What is being asked: From the listing below, restate word for word the lines from the line containing "talkcondo-four-seasons-penthouse-floorplan.png" down through the line containing "Beatriz Santos's show". Exclude pictures.

The records:
******************************

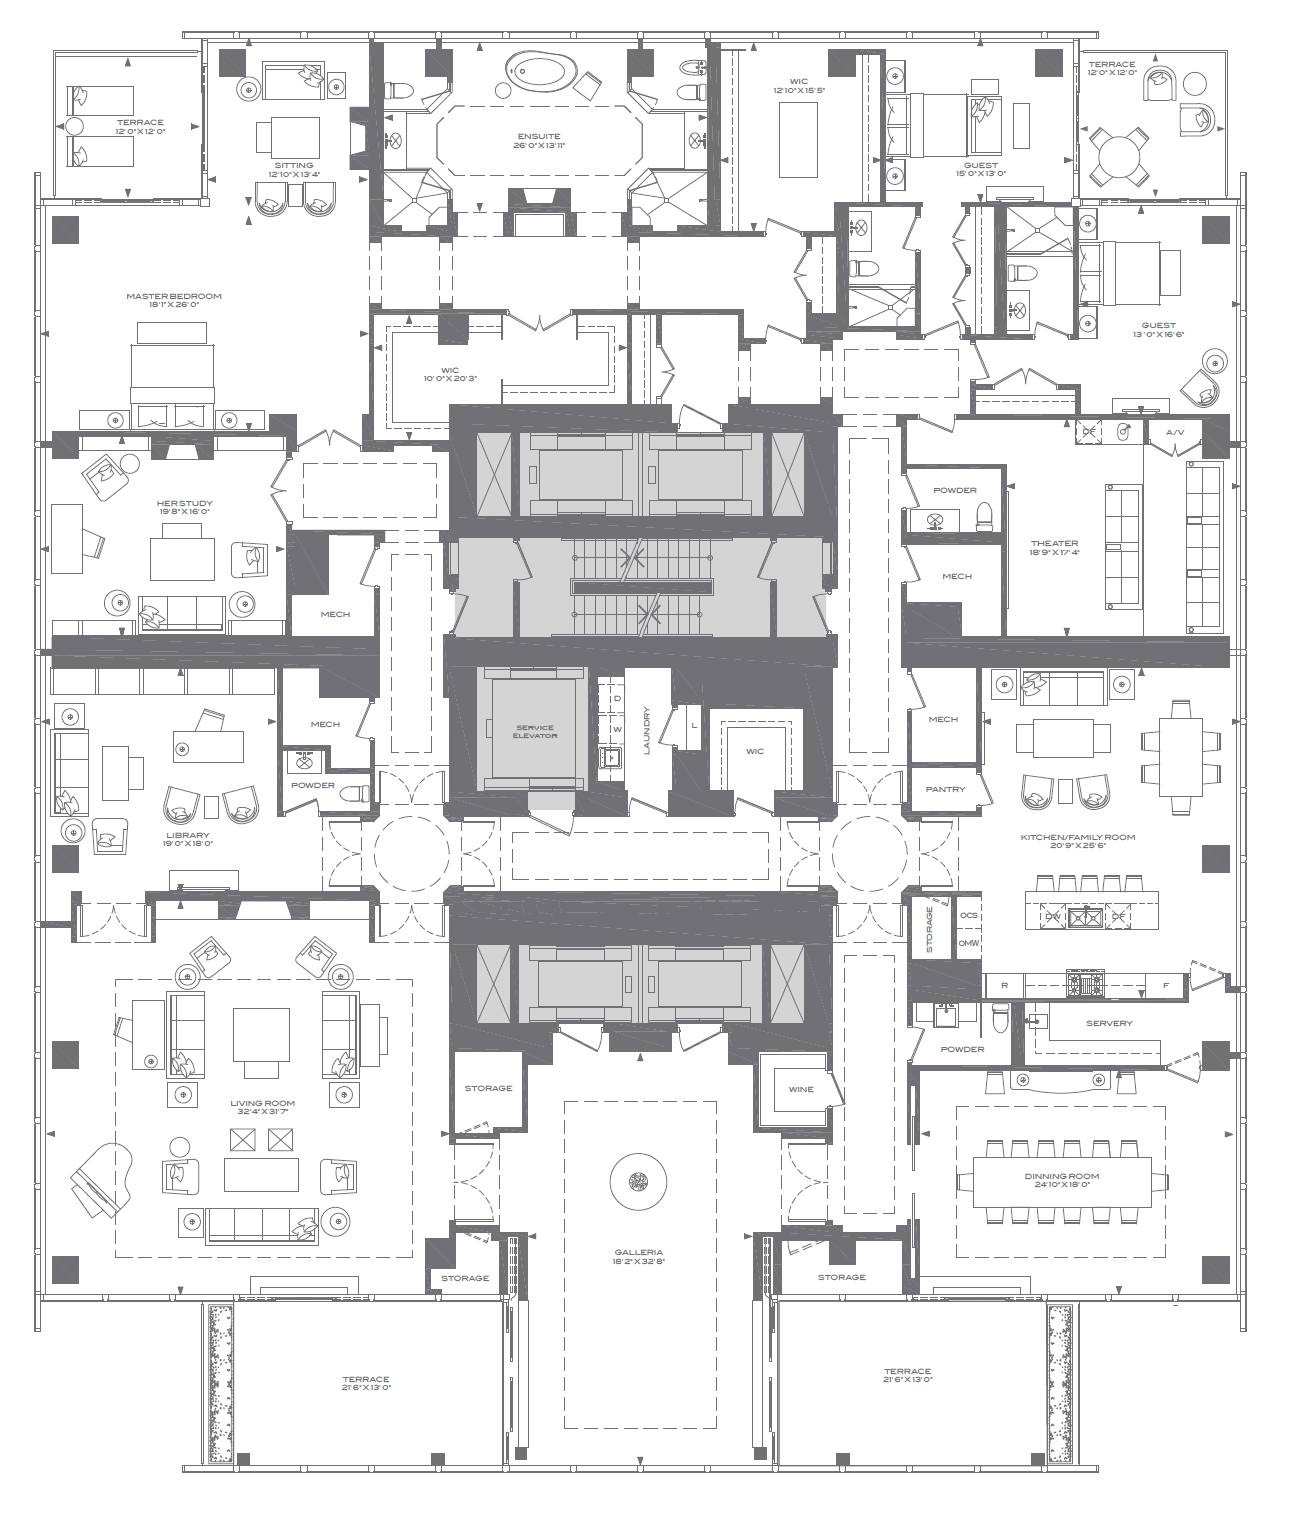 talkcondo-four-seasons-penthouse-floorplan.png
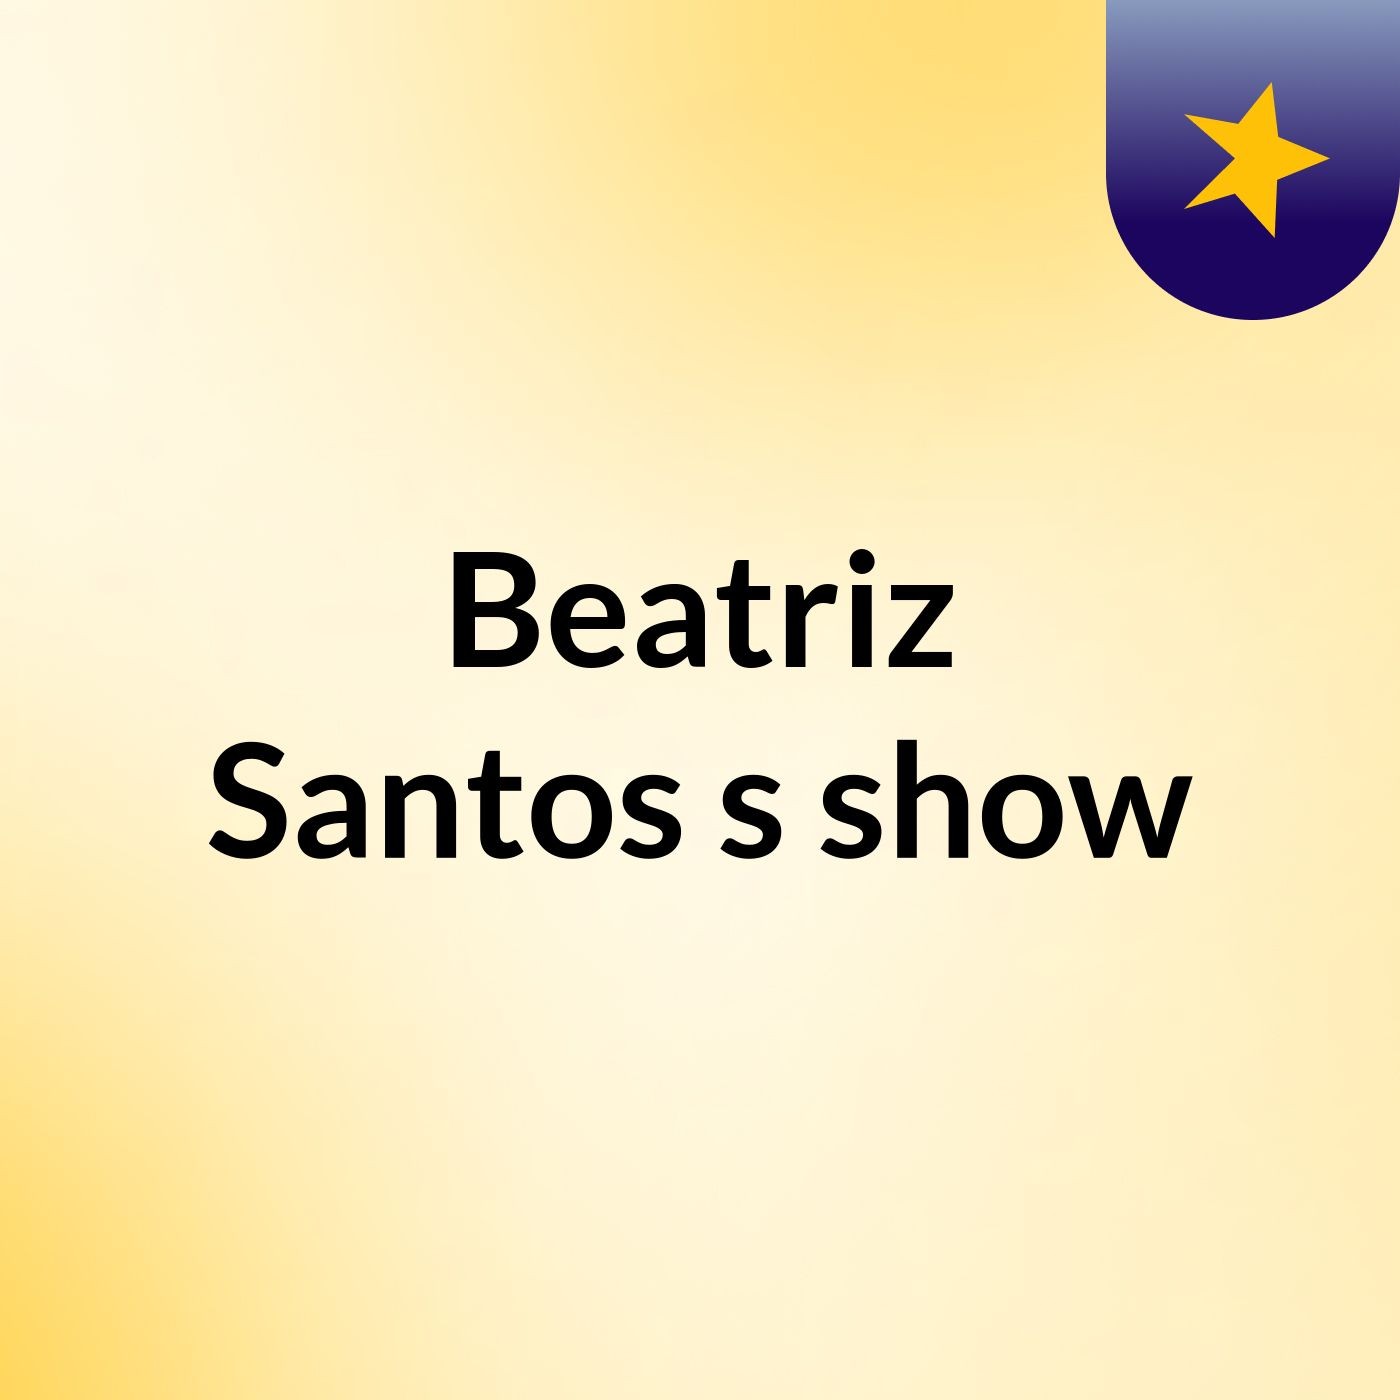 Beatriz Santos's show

******************************

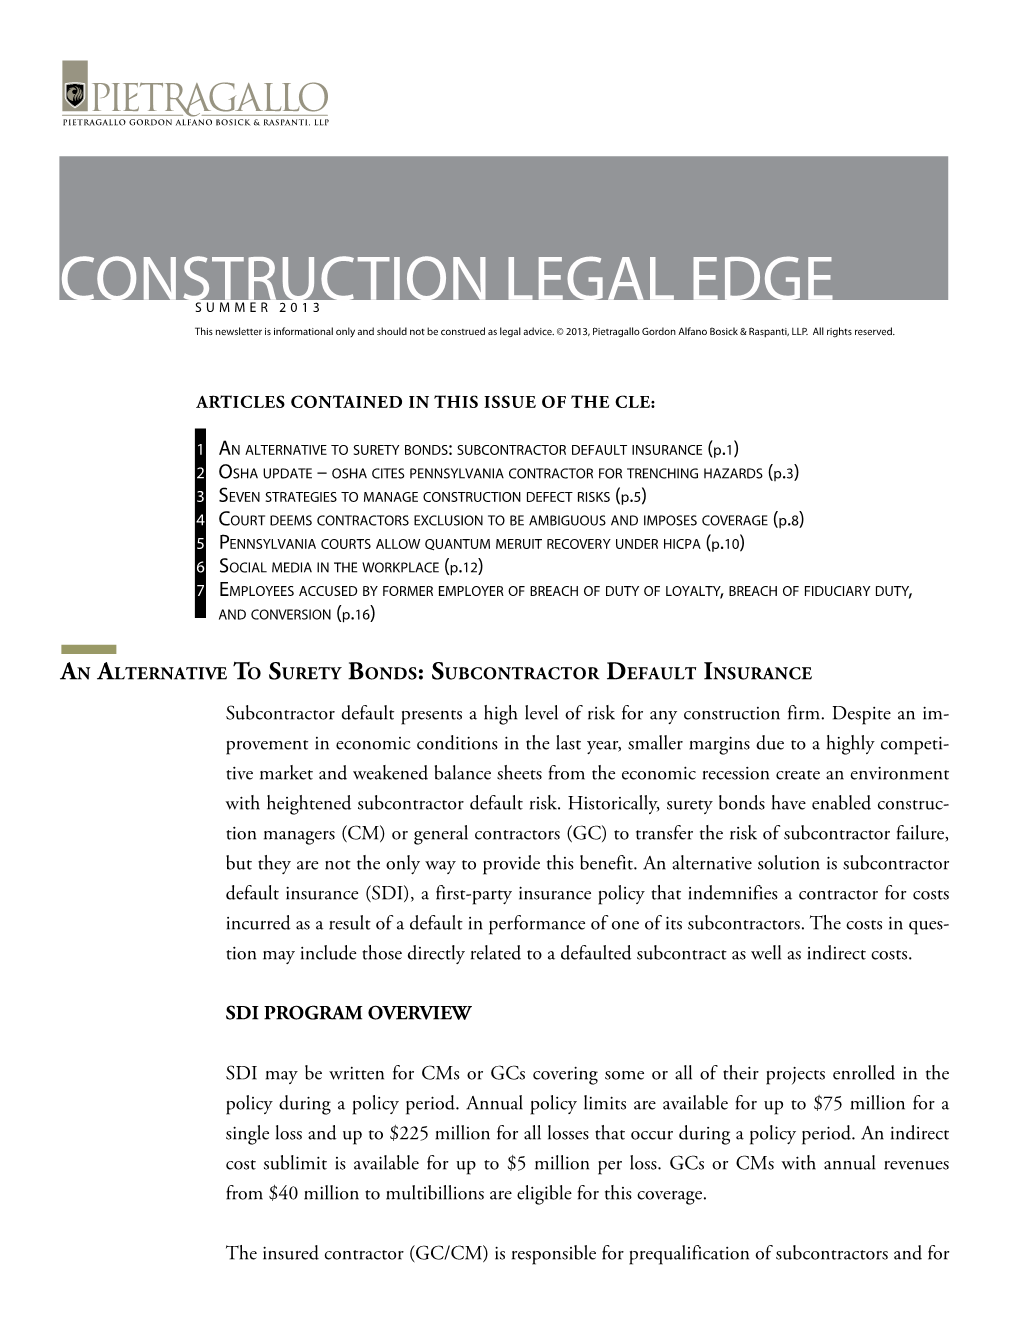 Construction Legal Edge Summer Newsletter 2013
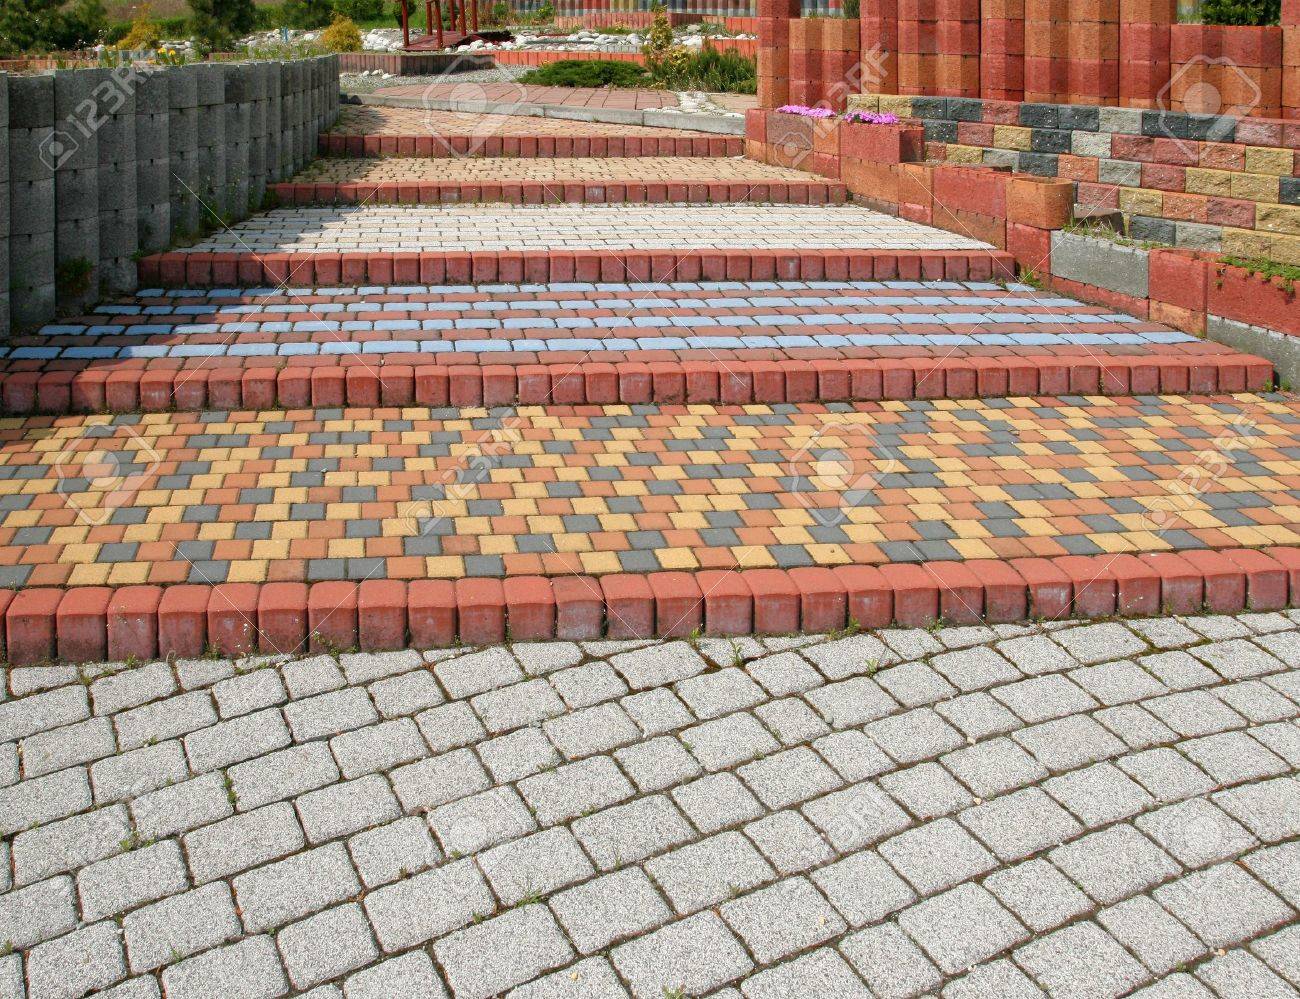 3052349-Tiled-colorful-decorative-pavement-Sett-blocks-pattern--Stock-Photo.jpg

******************************

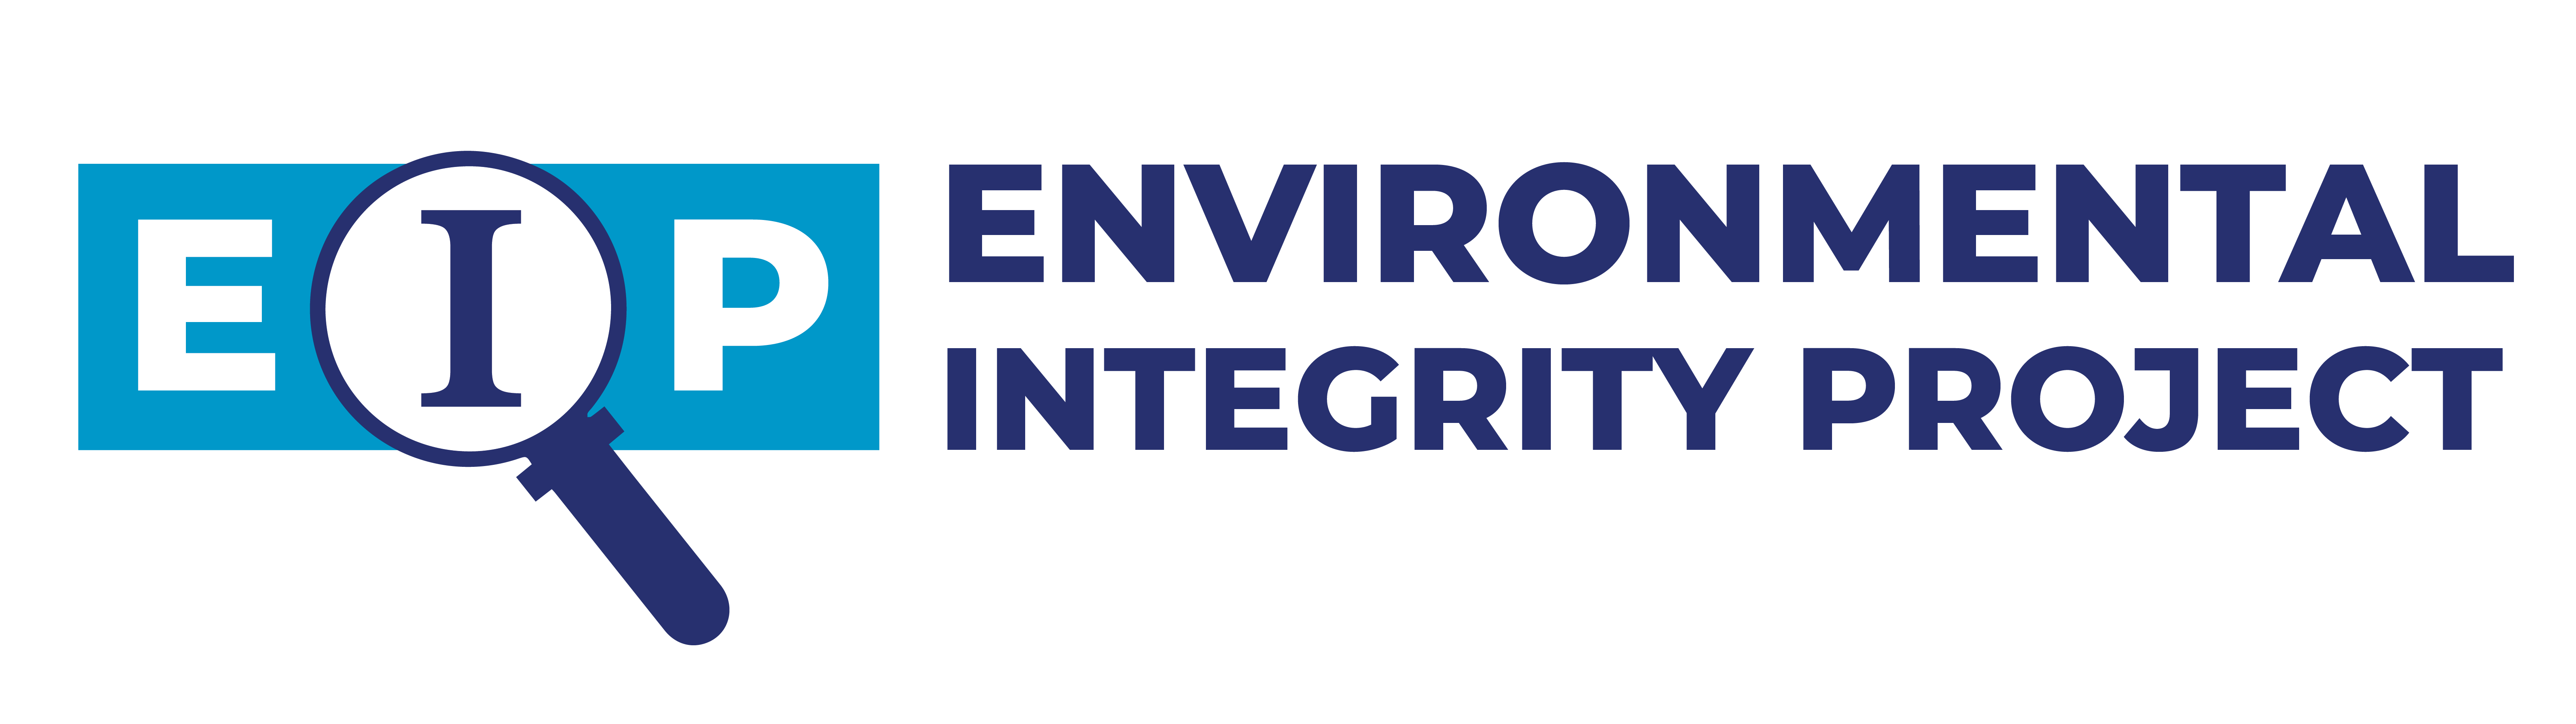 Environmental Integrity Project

******************************

Answer to this task:
 talkcondo-four-seasons-penthouse-floorplan.png
 Beatriz Santos's show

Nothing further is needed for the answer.